#### Marc Ringuette

##### Member

For quite a while, people have been searching for a physical 3D twistypuzzle analog of the 4D Rubik's hypercube. We've found one!

Melinda Green, one of the authors of the java program Magic Cube 4D, has developed a physical analog of the 2x2x2x2 hypercube puzzle that is quite nice, and we'd like to invite you to help us analyze it.

Here's Melinda's intro video, with some useful links in the description.

There's a link to the MC4D mailing list, where the discussion has been happening so far, and a link on how to obtain a puzzle, either by ordering the Shapeways print and some magnets yourself, or by having one of us assemble one for you (at slightly less than our cost, currently $99 US and $125 international). Currently about a dozen people have these; we'll keep mailing them out until we get really tired and have to stop, and then you'll have no choice but to assemble your own.

Let's have some fun figuring out the puzzle.

Some more description of the puzzle, for the people who prefer text to video.
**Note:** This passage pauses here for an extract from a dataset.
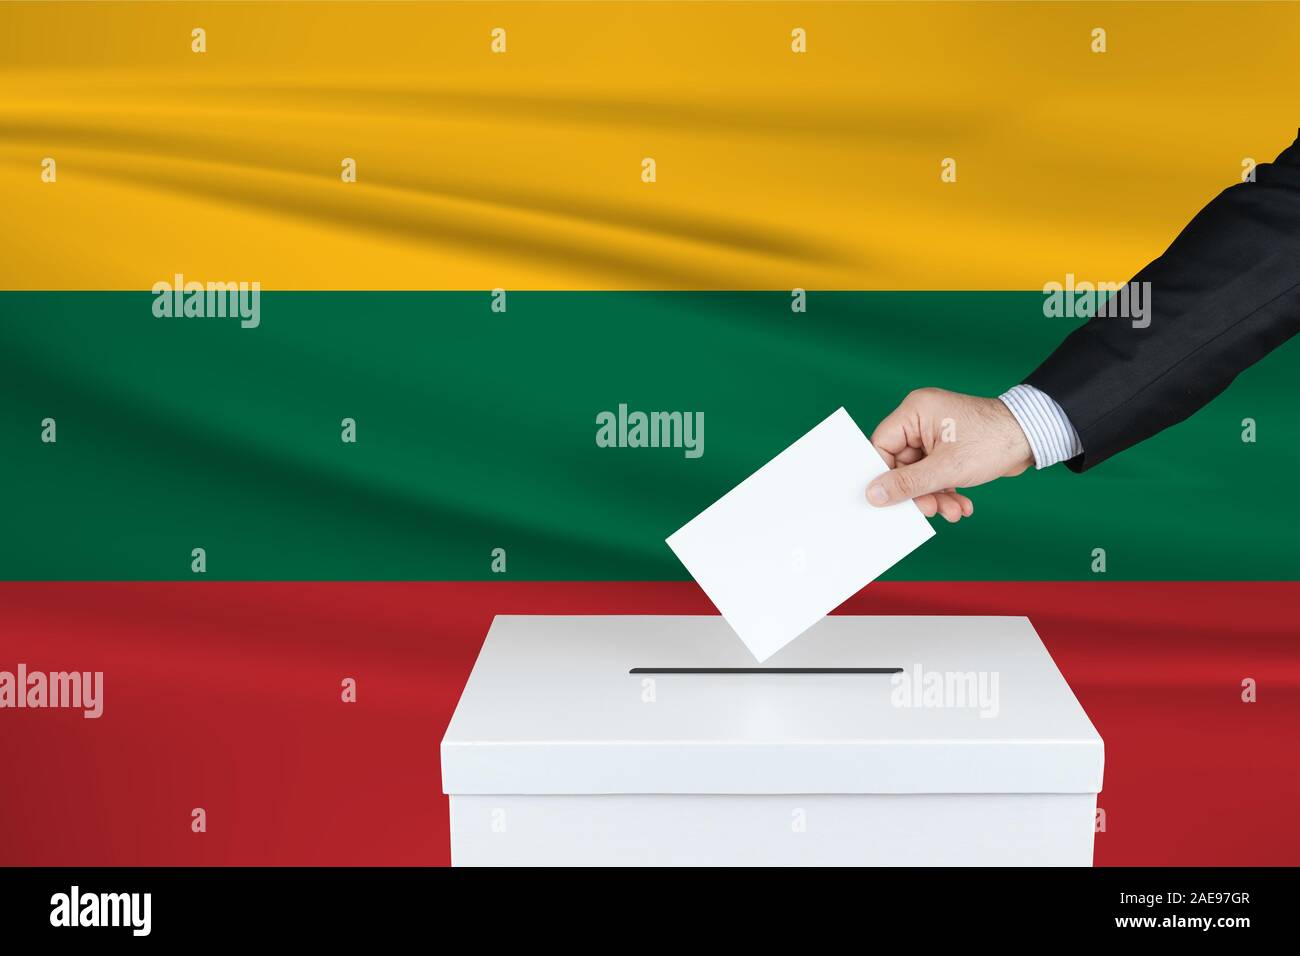 Election in Lithuania. The hand of man putting his vote in the ballot box. Waved Lithuania flag on background. Stock Photo

Melinda's 2x2x2x2 is a magnetic twisty-stacky puzzle made from 3D printed pieces. It has 16 four-color cubical pieces, with tetrahedral symmetry of each piece, and 64 tetrahedral "stickers" in 8 colors (four sets of two opposite colors, corresponding to the four 4D axes). The magnets are set up to allow 180 degree (but not 90 degree) twists of individual pieces, although larger 2x2x1 and 2x2x2 chunks of the puzzle can be twisted by 90 degrees and still satisfy the magnetic constraints. The 24 natural orientations of a cube in 3D are divided into normal and inverted or "inside out" versions of the 12 orientations of a 4-color 4D hypercube corner. Yes, this is a bit hard to wrap your head around; that's half the fun.

By defining a suitable set of legal moves for the puzzle, we can emulate the state space of the 2x2x2x2 hypercube puzzle precisely, using the MC4D computer program as our reference for correct behavior of the 4D puzzle. By following along keeping the virtual and physical puzzles in sync, we can satisfy ourselves that we can fully scramble the 4D puzzle, solve it in the 3D analog, and follow along mechanically on the virtual puzzle until it reaches a solved state simultaneously.

Twistypuzzle purists may be a bit disappointed that the puzzle uses magnets, and that there are some moves that are physically possible but violate a parity of the hypercube puzzle, so must forbidden if we wish to keep the puzzles equivalent. It's also a bit disappointing that the solution lengths can differ by a constant factor, depending on the correspondence being used (we can define a 1-1 correspondence of states easily, but a 1-1 correspondence of legal moves is only possible if at least one multi-move "macro sequence" is defined as a "move" in either the physical puzzle, the virtual puzzle, or both). But hey, let's not be complainers: I think we'll learn a lot from it, and besides, it's just frickin' cool.

-- Marc Ringuette

Melinda Green, one of the authors of the java program Magic Cube 4D, has developed a physical analog of the 2x2x2x2 hypercube puzzle that is quite nice, and we'd like to invite you to help us analyze it.

Here's Melinda's intro video, with some useful links in the description.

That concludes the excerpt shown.